Could every line below be transcribed exactly, with the pictures dropped?

Supplied material

--

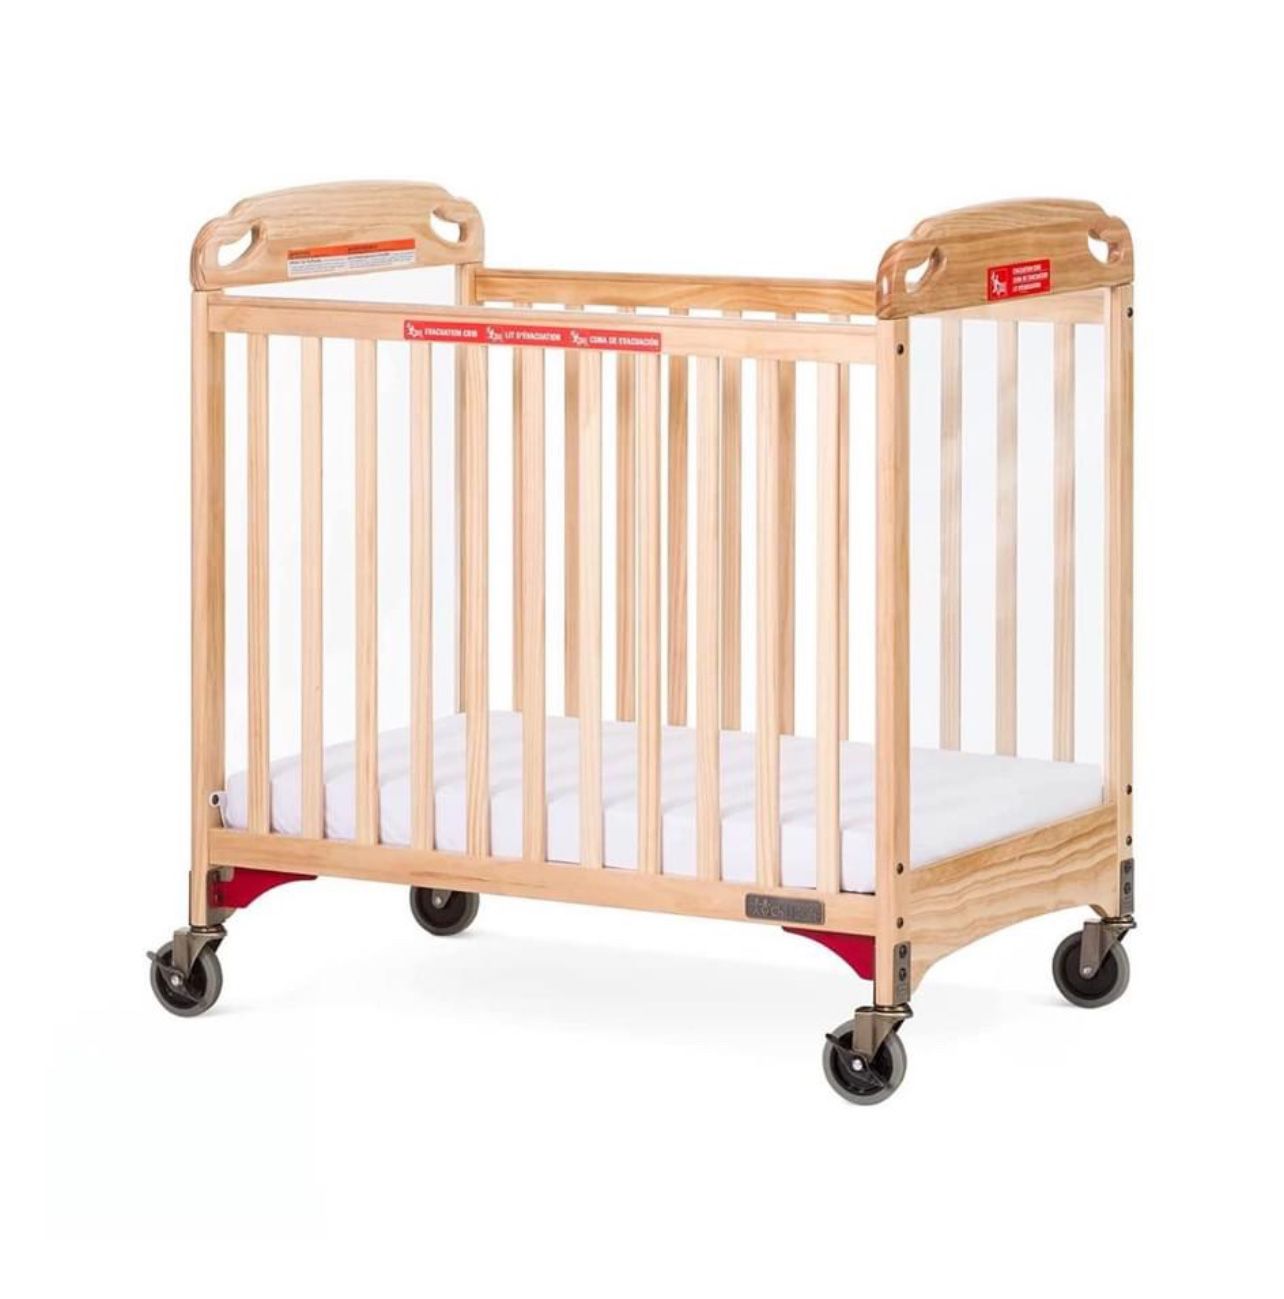 Safe Haven Daycare Evacuation Wooden Compact Portable Crib with 4" Casters (Natural)
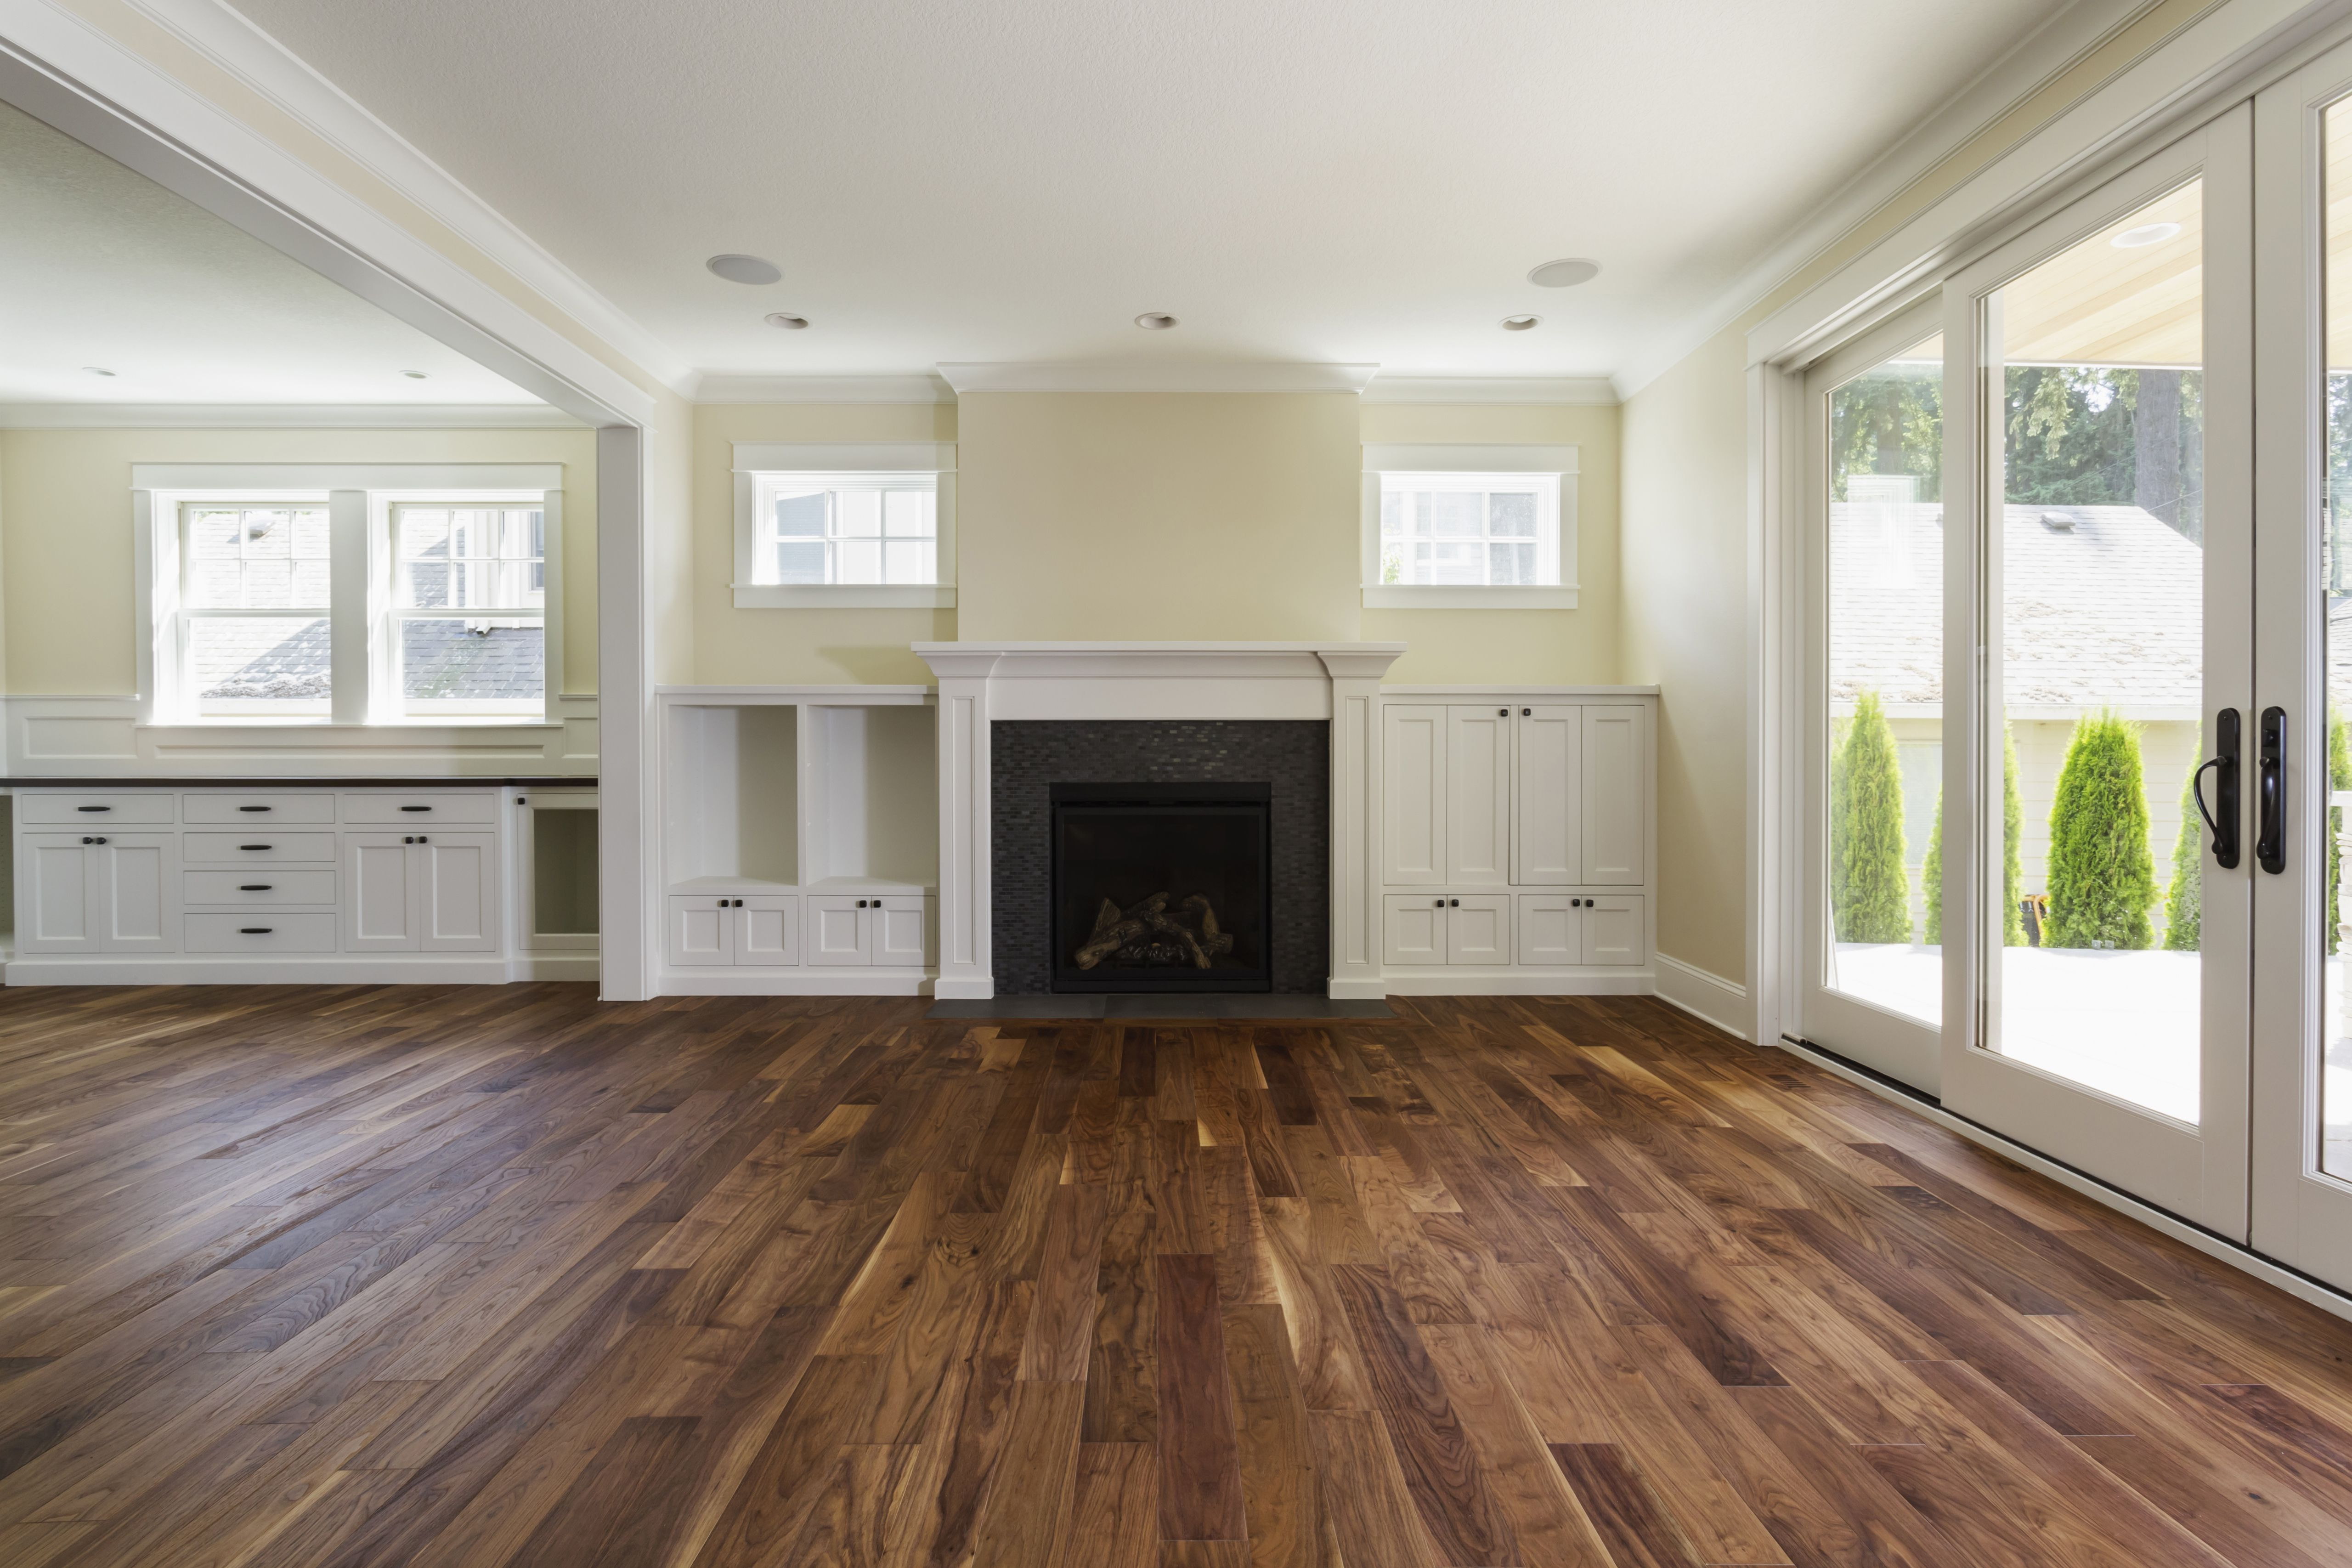 floor and decor hardwood flooring of the pros and cons of prefinished hardwood flooring with fireplace and built in shelves in living room 482143011 57bef8e33df78cc16e035397
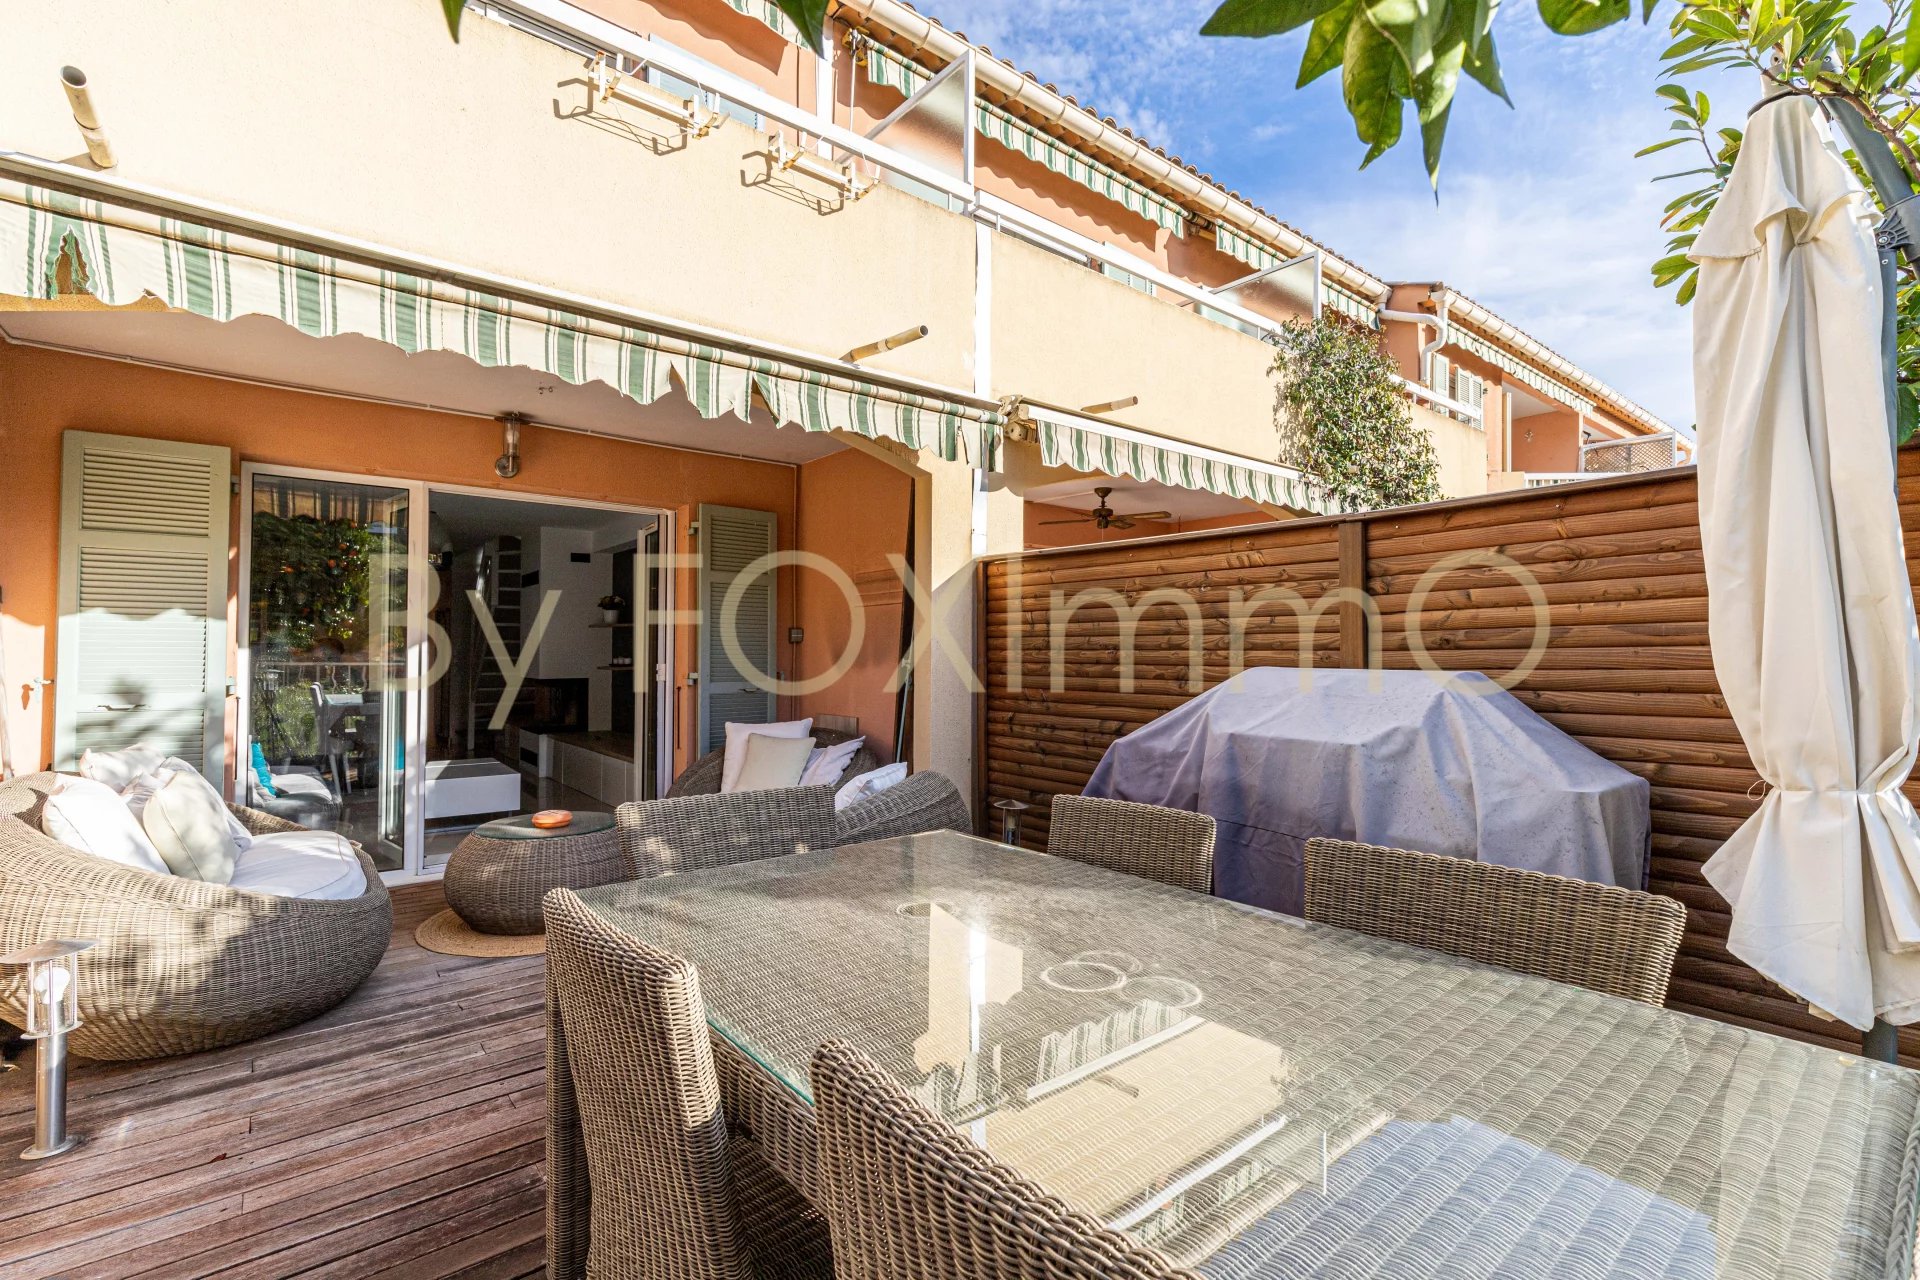 For sale on the French Riviera, magnificent 3 room duplex apartment with garage and pool

--

Your solution
 Safe Haven Daycare Evacuation Wooden Compact Portable Crib with 4" Casters (Natural)
 floor and decor hardwood flooring of the pros and cons of prefinished hardwood flooring with fireplace and built in shelves in living room 482143011 57bef8e33df78cc16e035397
 For sale on the French Riviera, magnificent 3 room duplex apartment with garage and pool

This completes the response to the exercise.